Claimed …. Called …. Sent

Saturday, April 6

Psalm 143 (NRS) The Kingdom of God is at Hand
Here my prayer, O Lord; give ear to my supplications in your faithfulness; answer me in your righteousness. Do not enter into judgment with your servant, for no one living is righteous before you. For the enemy has pursued me, crushing my life to the ground, making me sit in darkness like those long dead. Therefore my spirit faints within me; my heart within me is appalled. I remember the days of old, I think about all your deeds, I meditate on the works of your hands. I stretch out my hands to you; my soul thirsts for you like a parched land. Answer me quickly, O Lord; my spirit fails. Do not hide your face from me, or I shall be like those that go down to the Pit. Let me hear of your steadfast love in the morning, for in you I put my trust. Teach me the way I should go, for to you I lift up my soul.  Save me, O Lord, from my enemies; I have fled to you for refuge. Teach me to do your will, for you are my God. Let your good spirit lead me on a level path. For your name’s sake, O Lord, preserve my life. In you righteousness bring me out of trouble. In your steadfast love cut off my enemies, and destroy all my adversaries, for I am your servant.  

Since moving from Vienna to Charlottesville and New Haven last summer, I’ve been visiting many churches (Presbyterian, Lutheran, and Episcopal) in both towns, for Sunday morning worship. I’ve experienced some surprises in church liturgy and culture, including praise bands, standing for Confession, different versions of the Lord’s Prayer, hymns routinely sung in French, German, Arabic, and Latin, and written music that’s projected on the wall behind the pulpit.

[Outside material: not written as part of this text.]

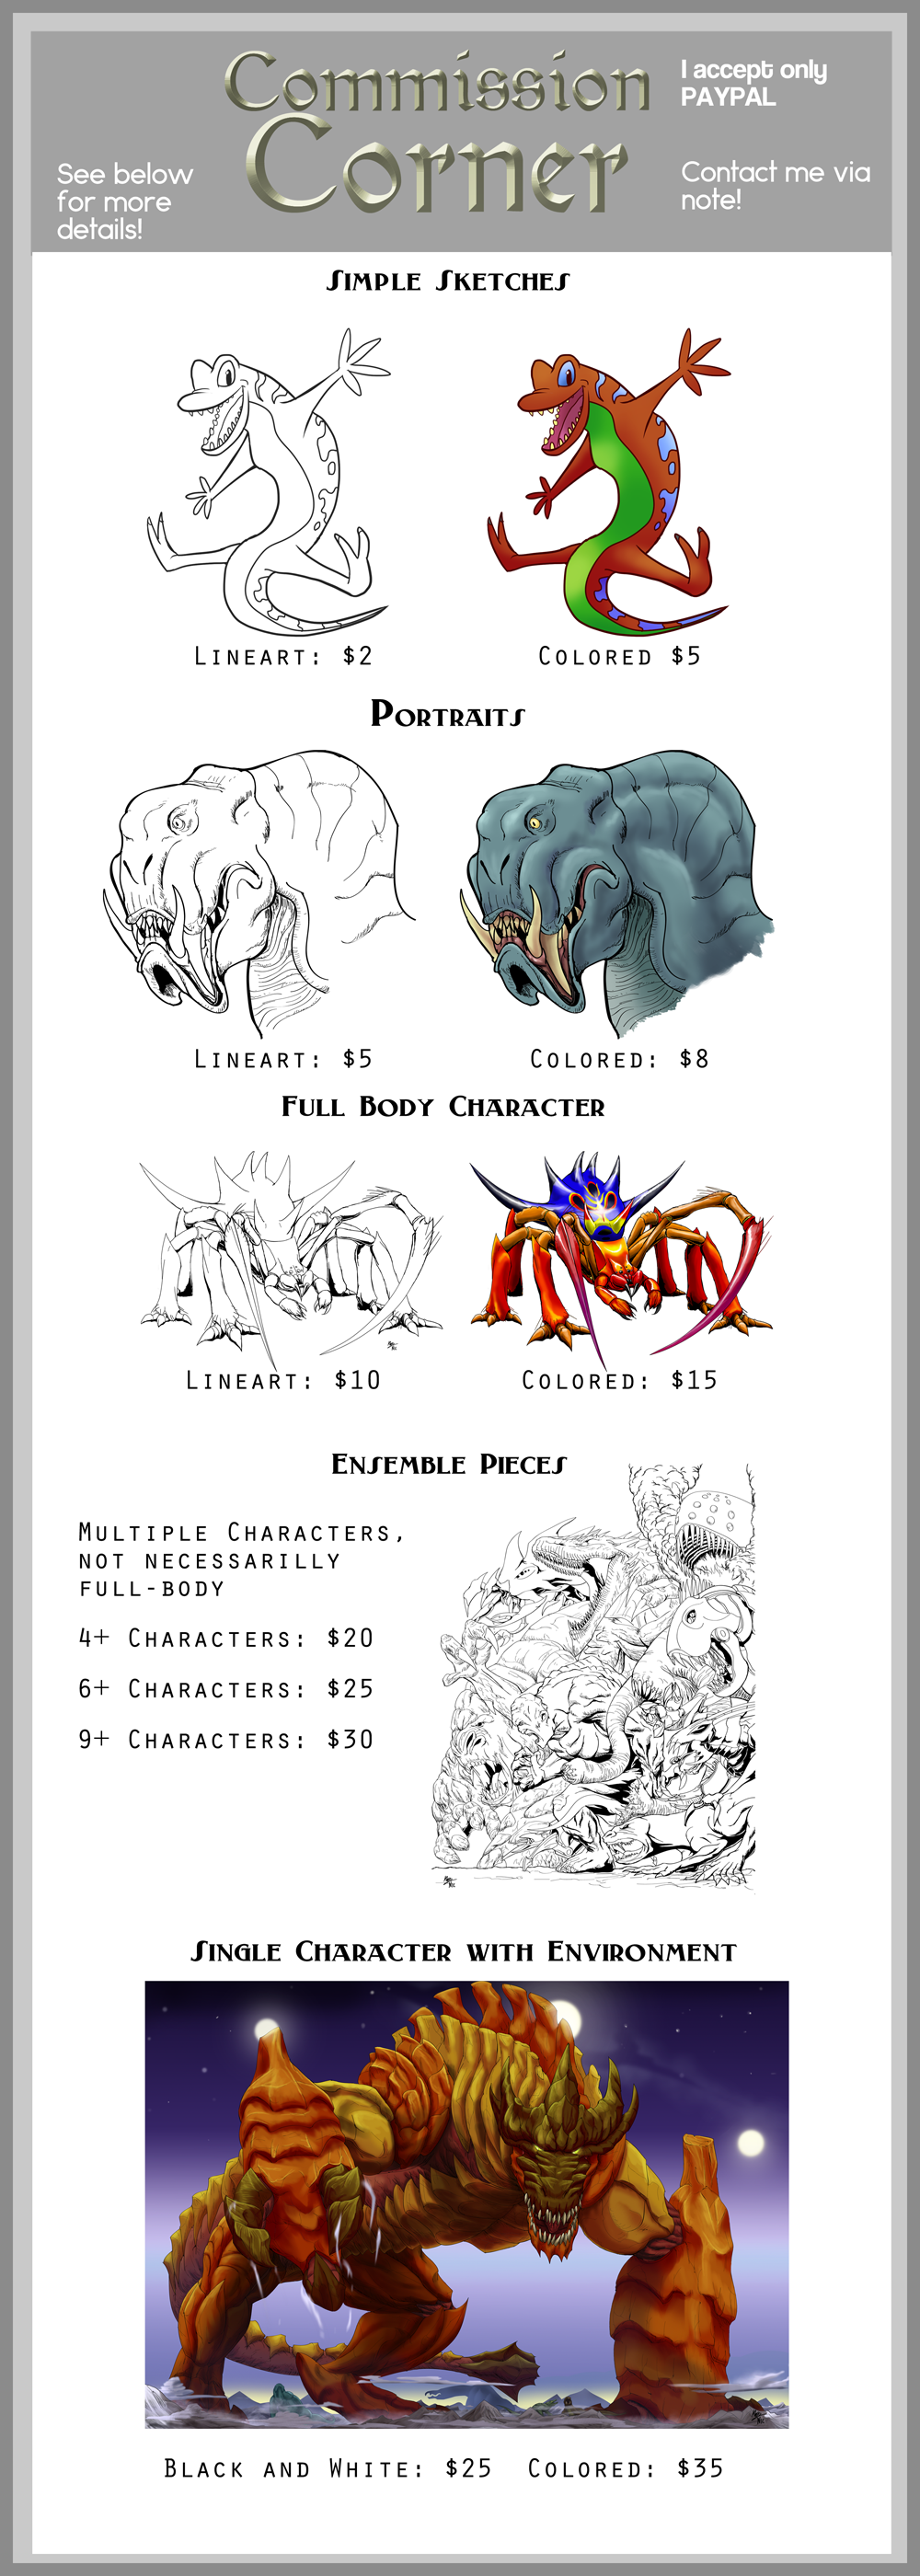 Oh hey! Commissions Rates!

Despite church closures and declining attendance in both New Haven and Charlottesville, I’ve witnessed many positive trends during my church visits. Interfaith activities are strong and getting stronger; Yale Divinity School and Music School students routinely intern at many New Haven churches, offering great talent and mentoring services to youth and young adults; church affiliated Day Schools are alive and well; one church offers free outdoor meals to homeless men and women every Sunday, no matter the weather. A church in Charlottesville has a large house devoted solely to youth and young adults, and everywhere I go, hymns are sung with grace and enthusiasm! Last, but not least, all the churches I’ve visited are friendly and inviting, particularly to people of color, immigrants, people with differing sexual orientations, and folks with no Christian background at all.

In Psalm 143, the writer talks about being a servant to God. In the churches I’ve been visiting, I’ve seen many active congregations filled with people who are providing service to others, and by extension, to God. In many ways, providing meals to homeless people on the New Haven Green; offering a safe place for young people to talk about tough issues in Charlottesville; or simply offering a friendly place for worship to people from all backgrounds, means that the Kingdom of God is with us in the 21st century.

Lord, grant us your peace and know that as the Psalmist writes in verse eight above, we always try to put our trust in you. By doing so, we know that we will come to experience your Kingdom here on earth. Amen.